The way I see it, when any of us wake up at 3am in the morning with something that’s worrying us, we worry about our health, the health of our children, whether we can get and keep a job, whether we can pay off our student loans. Those concerns are common to us all. And all of us can play a role in addressing them.

 

While our world has changed a great deal since Dr. King’s death, certain values have remained constant. Values that tell us we should love thy neighbor, that we should treat each person with dignity and respect, that we should protect everyone’s safety, and that we should promote everyone’s free expression. And these ideals are shared by people all across America.

 

When we look in the mirror, let us think about who we are as a country. Flawed though we may be, we are a great country. But we have to fight for the best of who we are. Fifty years later, Dr. King continues to challenge us. And now is not the time to throw up our hands when we must instead roll up our sleeves. 

 

My dream is that we can recognize that we have more in common than what separates us and come together to achieve the racial and economic justice Dr. King spoke of. That’s my dream. It’s one I’ll continue to fight for. And I hope Americans from every walk of life join in that fight as well. 

 

 

Martin Luther King Jr. Was a Freedom Fighter

 

By Cedric Richmond 

U.S. Congressman (D-LA) 

 

As we commemorate the 50th year since Dr. King was brutally taken from us, let us never forget his relentless fight for freedom. Dr. King is often remembered as a peaceful man concerned about unity above all else. 

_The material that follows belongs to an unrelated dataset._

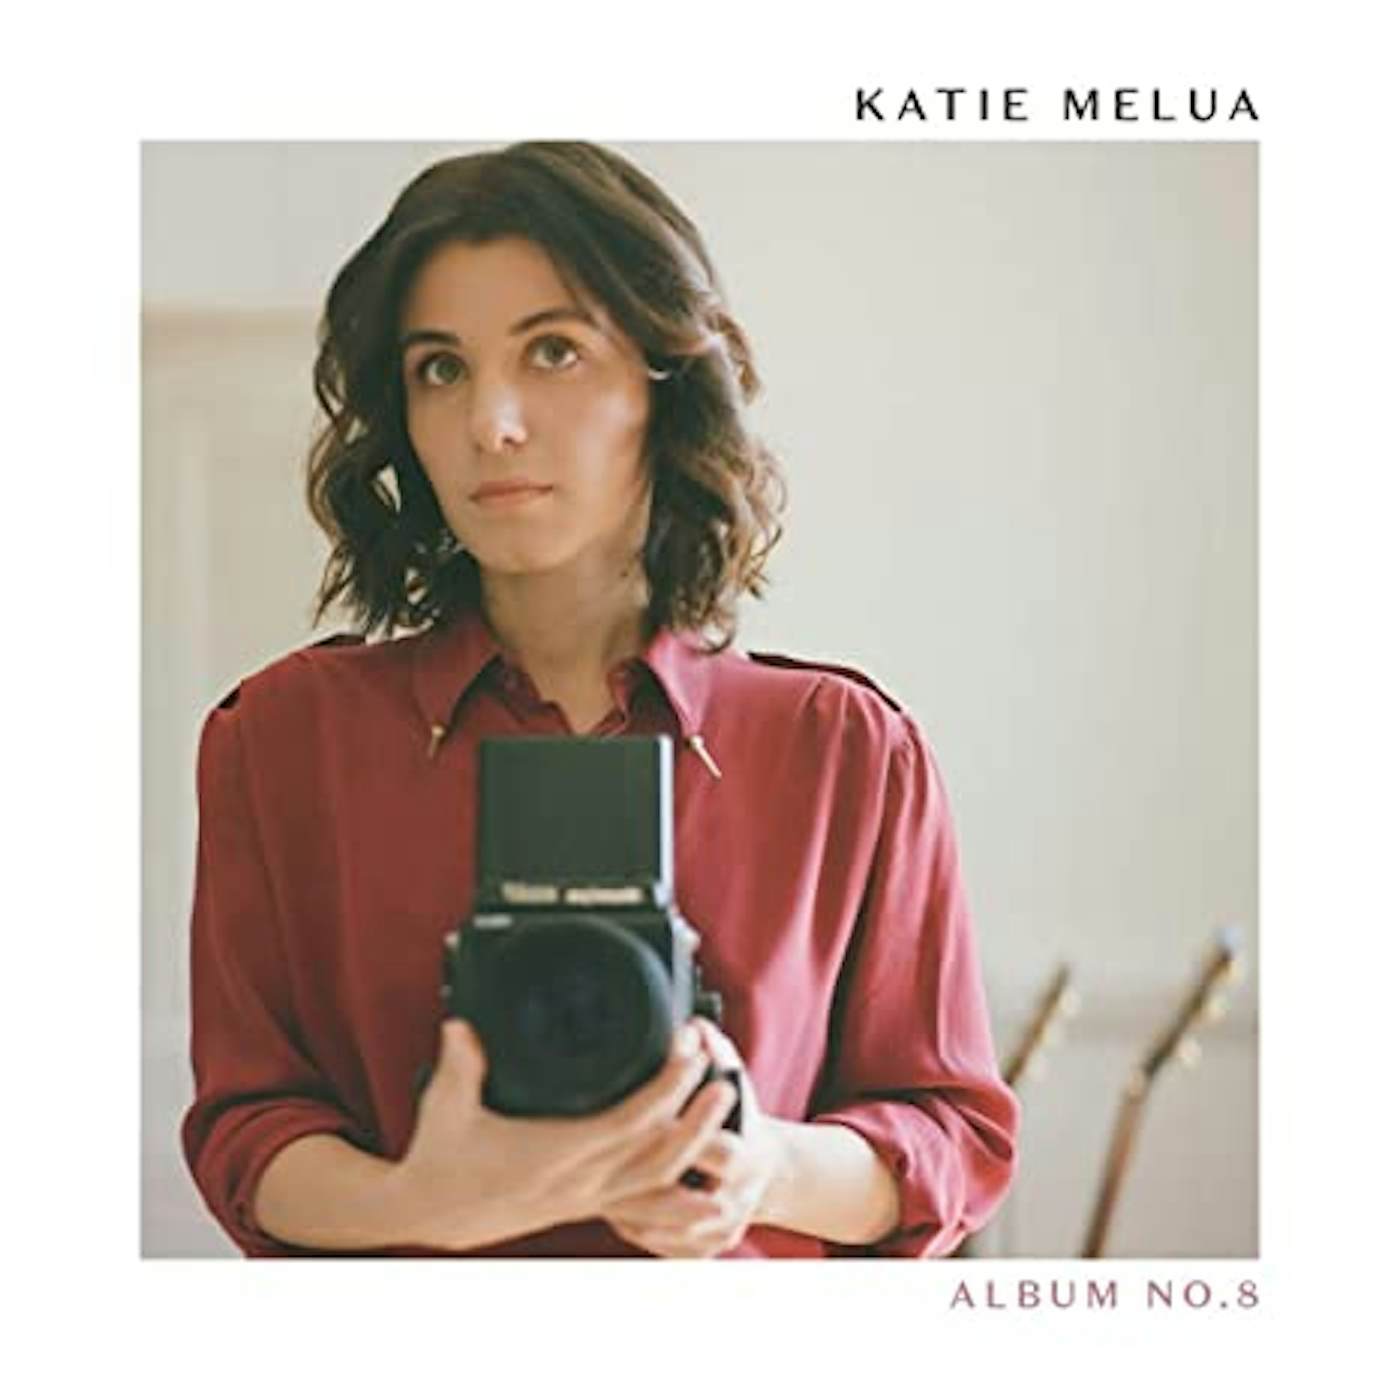 Katie Melua Album No. 8 Vinyl Record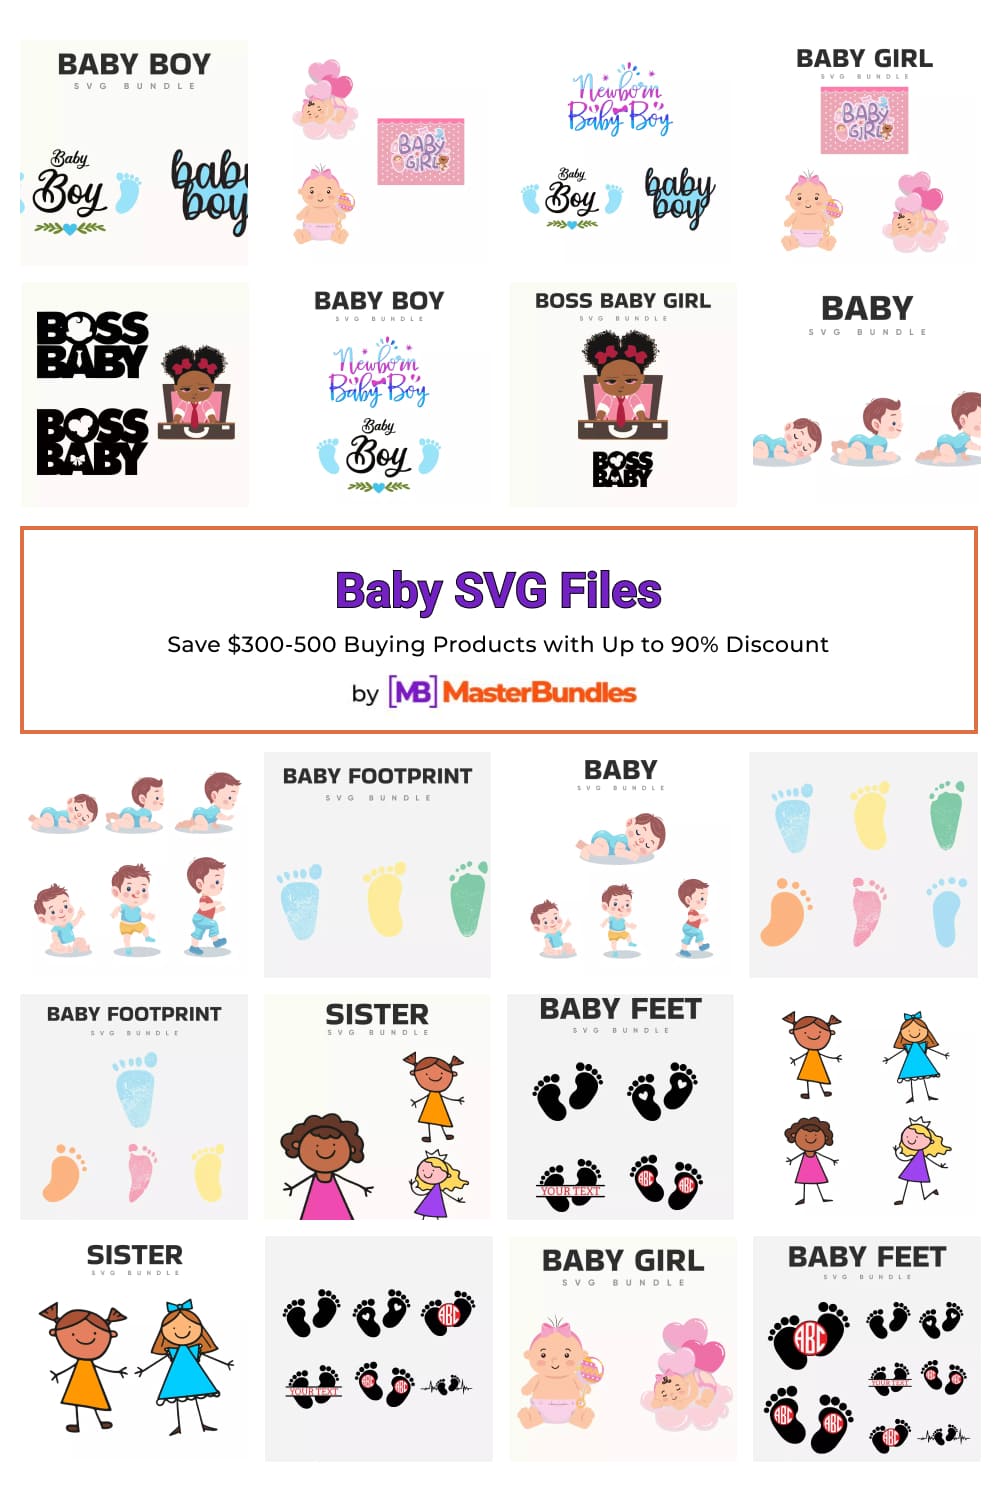 Baby SVG Files Pinterest image.

As we commemorate this mournful day, I urge Americans to remember that Dr. King was a freedom fighter, fearlessly speaking out against racial and economic injustice, even when those arguments made people uncomfortable.

 

On the night before he was murdered, Dr. King articulated a powerful reminder to the country that Black Americans were only asking for a just position in this society. 50 years later, Dr. King's promised land still eludes us. After making strides as a country, we are obviously moving backwards. Moral leadership from within some of our most treasured institutions has eroded. Institutions erected to address inequality and injustice are being threatened and neutered before our eyes. The gains Dr. King died to achieve are being willfully targeted.

 

The Congressional Black Caucus will not relent in its fearless leadership in defense of the gains Dr. King died for. He died on that hotel balcony because he was fighting for economic opportunity, social justice and fairness. There remains much work to be done to see his dreams actualized. But looking back on his work and his sacrifice, I am hopeful that by working together we can stem the tide of injustice that has been accelerating lately.

 

It is at moments like these we have to remember Dr. King's observation that it was during the greatest darkness that we can see the stars. I am thankful for Dr. King's life, his work and for his sacrifice. He gave his life so that the world might hear his ideas which have served freedom fighters ever since. We will continue to honor his life by educating, legislating and agitating to accomplish his dream of equality and justice.

 

The Congressional Black Caucus was established in 1971 and has a historic 48 members for the 115th Congress, including one Republican member and two senators. Congressman Cedric L. Richmond (D-LA-02) is the chair of the caucus.